Nikolay Milyutin

Nikolai Alexeyevich Miliutin (Russian Николай Алексеевич Милютин, scientific transliteration Nikolaj Alekseevic Miliutin; * 6 Junijul / June 18 1818greg in Moscow, .. .. † 26 Januarjul / February 7 1872greg ) was a Russian politician who before all became known as the chief architect of the great liberal reforms of Alexander II, including the abolition of serfdom and the creation of Zemstvos.

Life and work

Miliutin was the nephew of Count Pavel Kiselyov, an influential Russian reformer during the period of the reactionary rule of Nicholas I.. His brothers were Miliutin Vladimir (1826-1855), social reformer and journalist, and Dmitri Miliutin, later Minister of War and one of the great military leaders in Russia in the 19th century.

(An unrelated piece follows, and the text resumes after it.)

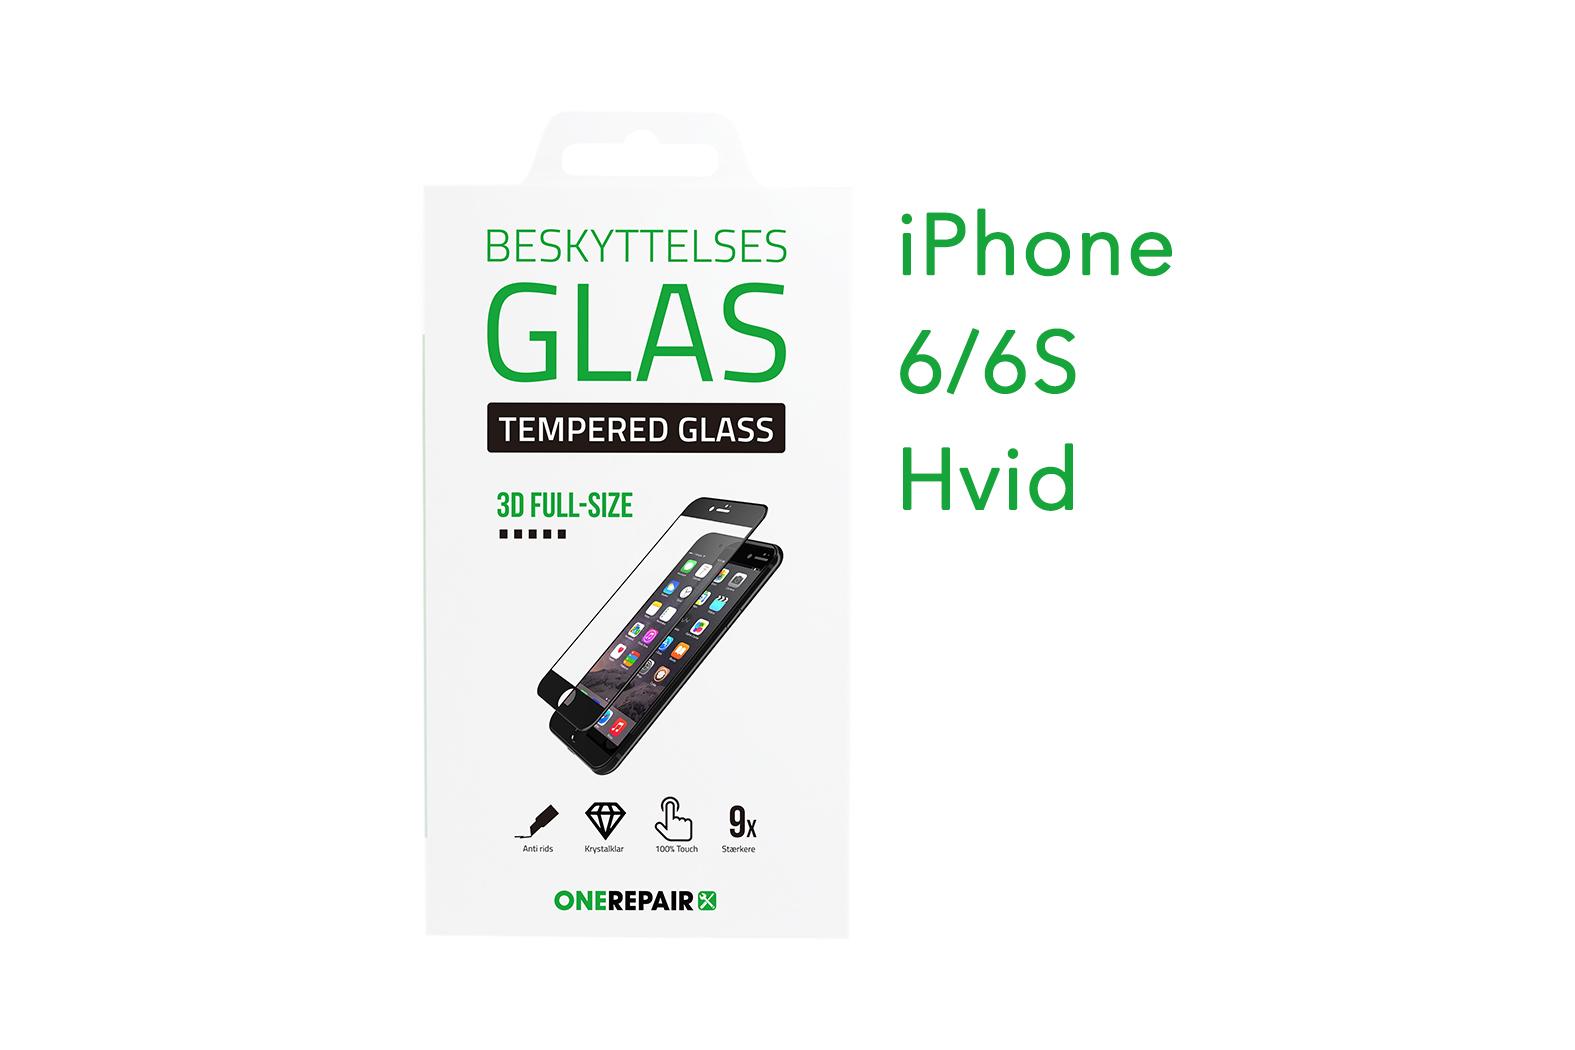 beskyttelsesglas, beskyttelse, glas, iPhone 6, 6S Apple, Fullsize, Full, Size, Pazer, Panser, Hvid, staerk, stærk, Godt, Billig, 3d

Nikolai graduated from the Moscow University and began his work in the Ministry of the Interior in 1835. As a man who held liberal ideas such as the Slavophiles, the young Miliutin helped in the reform of local administration of St. Petersburg, Moscow and Odessa in the 1840s. In his position as Deputy Minister of the Interior since 1859, he managed to impose its vision of an ambitious liberal reform against the resistance of conservatives and disgruntled nobles. The Emancipation Manifesto of 1861 was mostly be design.

During the January Uprising, he was sent to Poland, in order to implement the reforms. He developed an extensive program of Russification, which included the abolition of serfdom at the expense of Polish nationalist landowner, also the exclusion of Catholic priests from Polish schools.

Miliutin joined in 1866 by his office after he had suffered a stroke, and spent the rest of his life withdrawn.